Barcelona, pionera en Europa en desarrollar un gemelo digital, lo utiliza para planificar nuevas líneas de metro y decisiones políticas ante situaciones de riesgo. En España, además de Barcelona, varias ciudades cuentan ya con gemelos digitales en desarrollo o funcionamiento. Por ejemplo, en Denia y en Las Palmas de Gran Canaria se emplea para gestionar el turismo. Cada una adapta la herramienta a sus necesidades.
Diseño inteligente, decisiones conscientes
Traducir datos complejos en visualizaciones claras puede facilitar que más personas participen en la planificación urbana. Pero como todos los avances tecnológicos, plantea retos importantes. Muchos gemelos digitales son desarrollados por grandes empresas tecnológicas, no por administraciones públicas, lo que genera dudas sobre privacidad, vigilancia y control de datos. Por otro lado, mantener estas réplicas requiere una gran infraestructura que consume recursos, con un coste ambiental considerable.
Además, los datos que alimentan estos sistemas corren el riesgo de no representar a toda la población – si se recogen a través de smartphones o sensores urbanos solo en zonas más ricas y conectadas, pueden reproducir desigualdades existentes. Esto significa que los beneficios de una planificación urbana optimizada podrían concentrarse en barrios ya privilegiados, ampliando la brecha con comunidades menos favorecidas. Por eso, es esencial que desde el diseño se incorporen criterios de equidad, que se corrijan sesgos en datos y algoritmos, y que se garantice la participación diversa de toda la ciudadanía.
Y por último, como advierte el urbanista Pau Olmo, existe el riesgo de idealizar la ciudad como un sistema ordenado y predecible, dejando fuera el “ruido creativo” que hace que la vida urbana sea única e imprevisible.

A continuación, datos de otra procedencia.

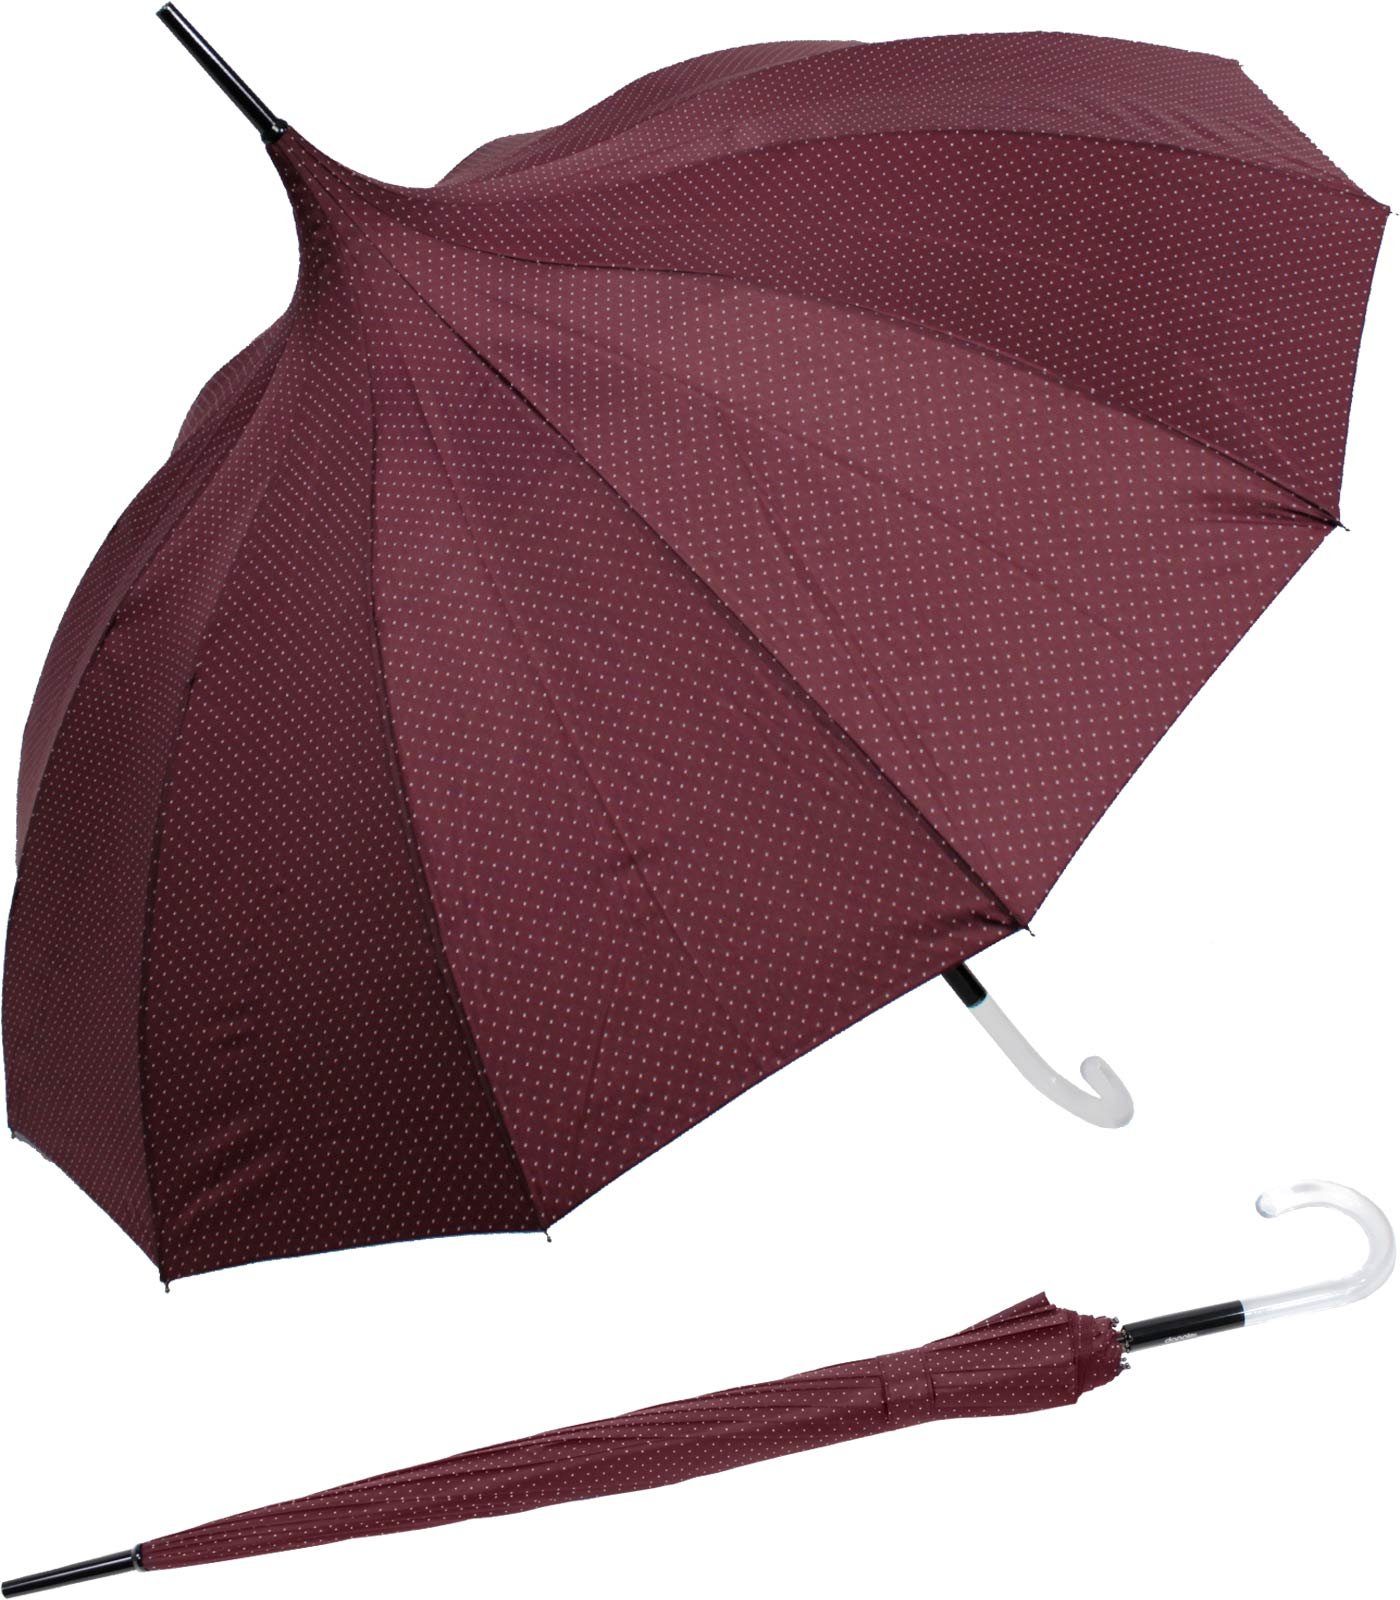 doppler® Langregenschirm auffällig geformter Damenschirm mit Auf-Automatik, elegante Pagodenform mit dezenten Punkten bordeaux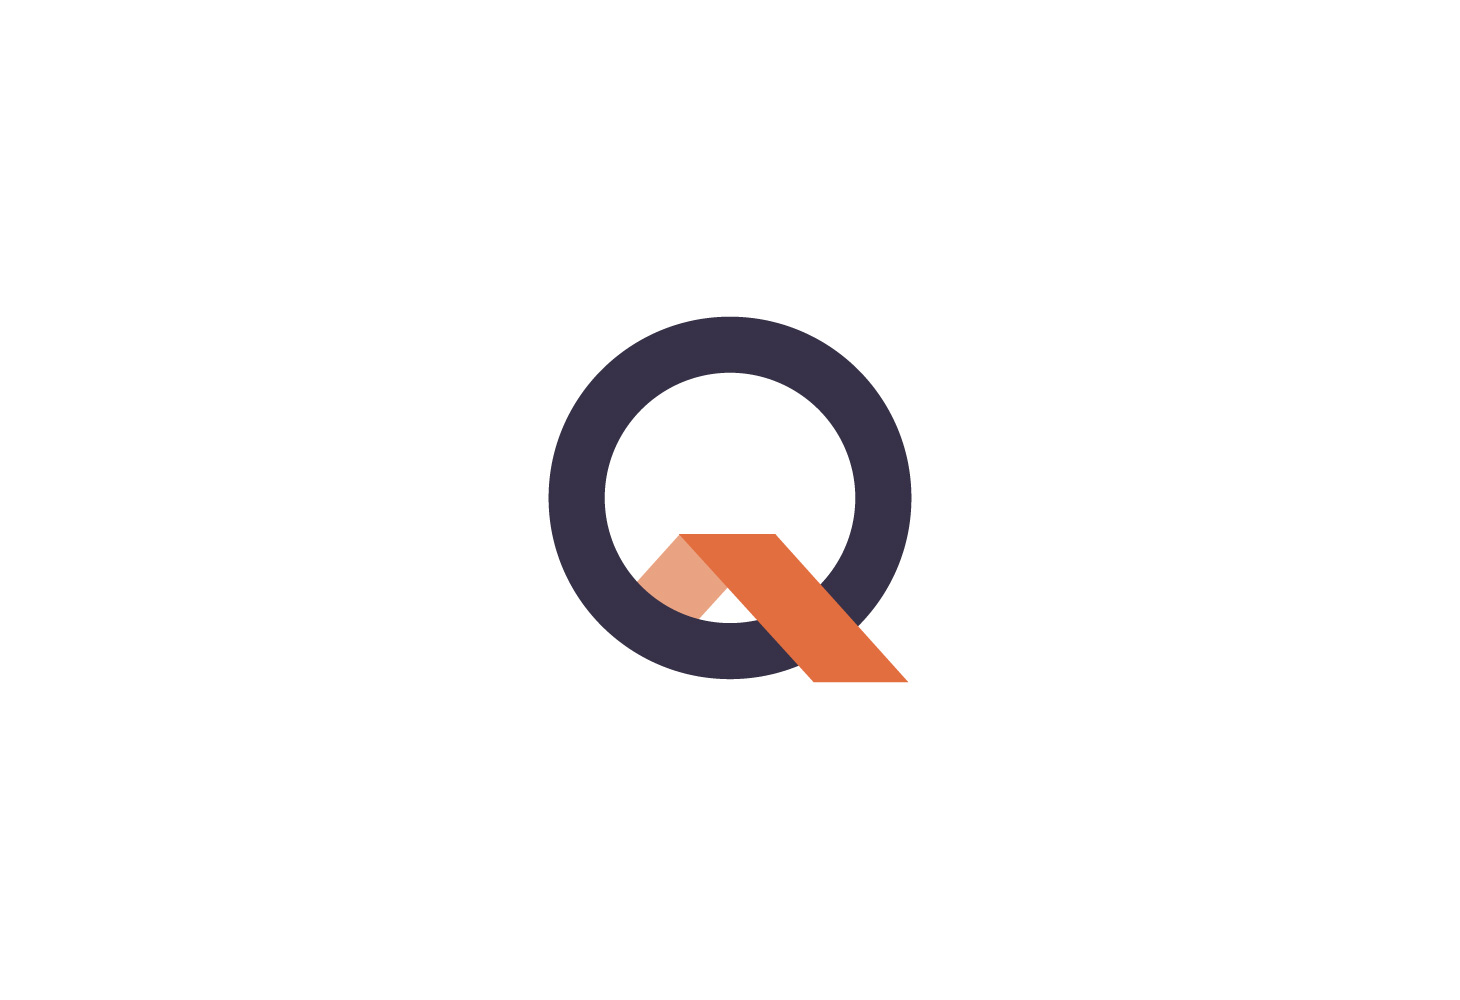 Quanta - Branding - the Q

Los gemelos digitales abren nuevas posibilidades para planificar ciudades más sostenibles, eficientes y adaptadas a los retos del presente, pero la ciudad no puede reducirse a un conjunto de datos ni gestionarse solo como un sistema eficiente.
Como escribe Lisa Fernández Karlsson, el deseo de construir una ciudad perfecta es un proceso complejo que pasa por intentar leer la ciudad de distintas maneras. Simular nos ayuda a planificar mejor, pero el verdadero beneficio (y desafío) sigue siendo democratizar este proceso, para que estas herramientas reflejen toda la complejidad urbana y nos permitan, entre todos, crear una vida urbana más justa y habitable.